If advertising has taught us anything, it’s that brands love a good product demo. Drop tests. Stress tests. Slow-motion splash tests. But every once in a while, a campaign comes along that raises the stakes in a way that makes you laugh, cringe, and instinctively look away at the same time.
Enter Huggies.
In a bold new campaign titled “Expensive Sh*t,” the diaper brand is putting its famous blowout protection to what might be the most nerve-wracking product test ever staged. Instead of showing diagrams or soft-focus parenting moments, Huggies is doing something much more dramatic: placing 18 freshly fed babies on top of nearly $500,000 worth of luxury items.
Antiques. Designer pieces.
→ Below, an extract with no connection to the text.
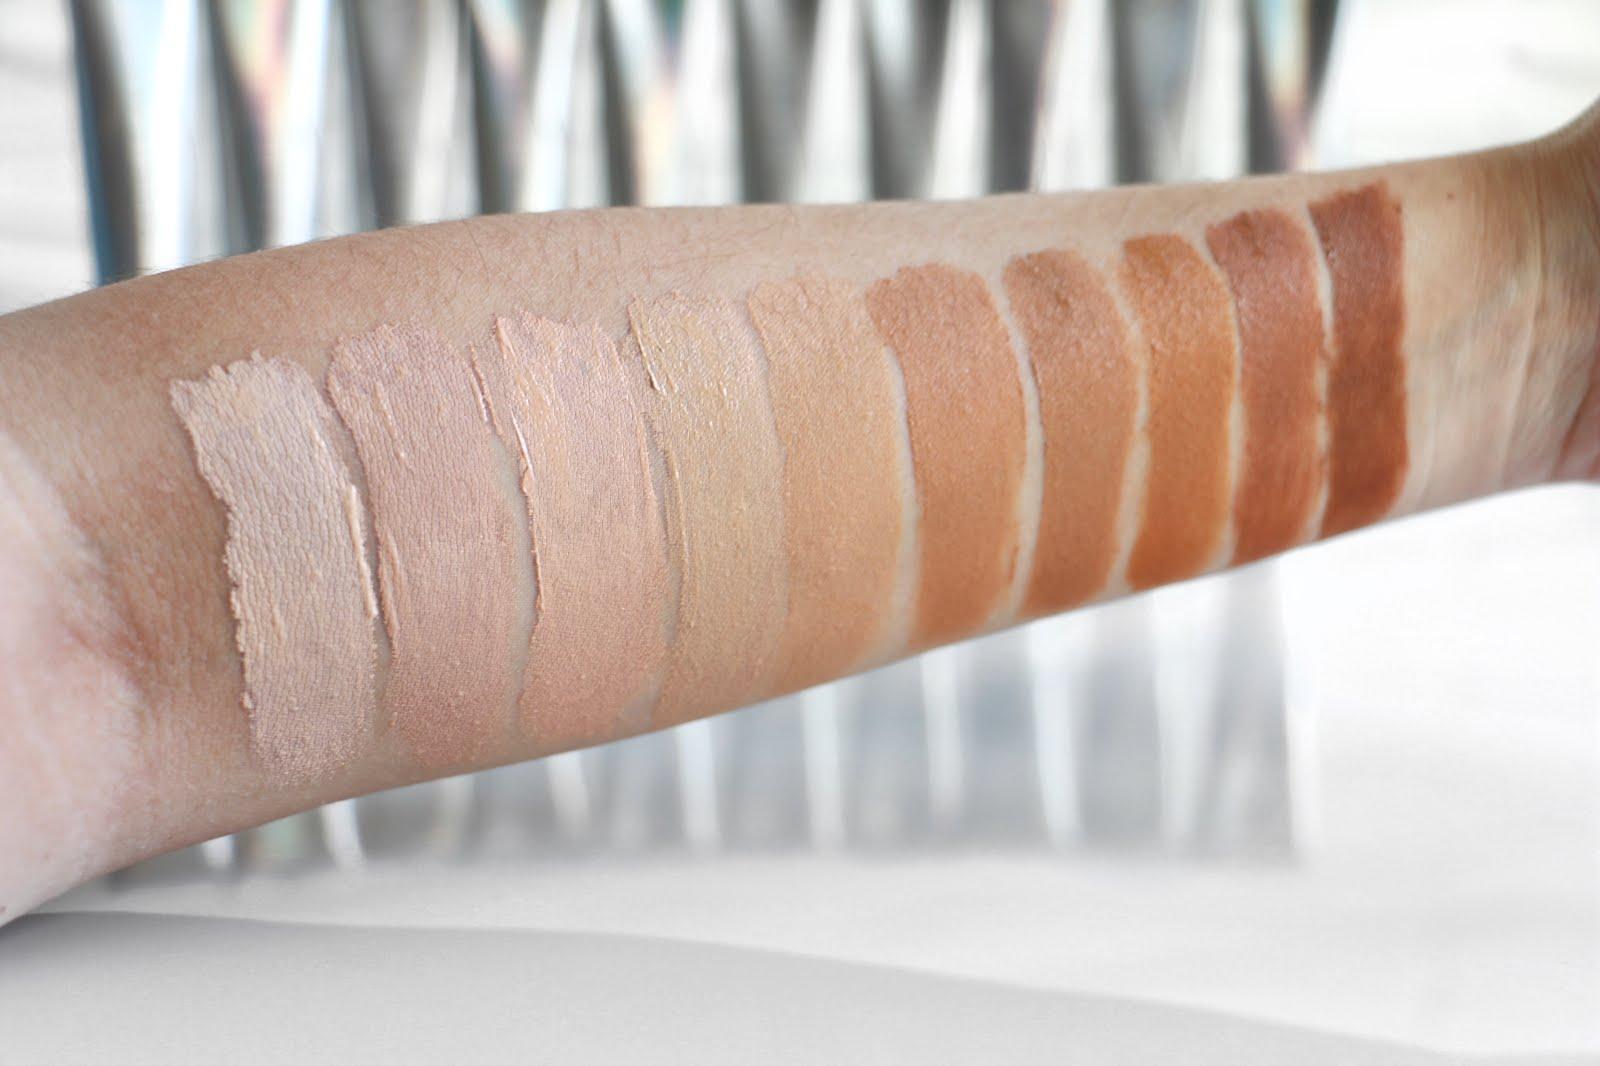 PÜR-Cosmetics-Bare-It-All-12-Hour-4-in-1-Skin-Perfecting-Foundation-Vivi-Brizuela-PinkOrchidMakeup

Even a luxury convertible.
And the only thing standing between those priceless objects and absolute catastrophe? A Huggies diaper.
Created by McCann New York and McCann New Zealand, the campaign culminates in a one-hour livestream on March 12, where viewers can watch the tiny chaos agents crawl, wiggle, and bounce across the valuables in real time. It’s part product demo, part social experiment, and part edge-of-your-seat spectacle.
Because if you’re a parent, you already know: the baby blowout is the great equalizer. It doesn’t care about timing, location, or how nice the furniture is. It strikes when it wants.
Instead of pretending that fear doesn’t exist, Huggies leans straight into it. The campaign reframes one of parenting’s most universal anxieties as a moment of confidence: if these diapers can survive this situation, they can probably survive your couch.
The rollout includes teaser content, social activations, and a group of parenting creators helping amplify the stunt across digital channels. But the real hook is the simplicity of the idea. No complicated storytelling. Just a high-stakes question everyone understands:
Will the diapers hold?
It’s absurd. It’s slightly horrifying. And it’s very, very watchable.
Sometimes the best product demo isn’t the cleanest one. Sometimes it’s the one where everyone silently thinks, “Oh no… please don’t.”
And that’s exactly why people will tune in.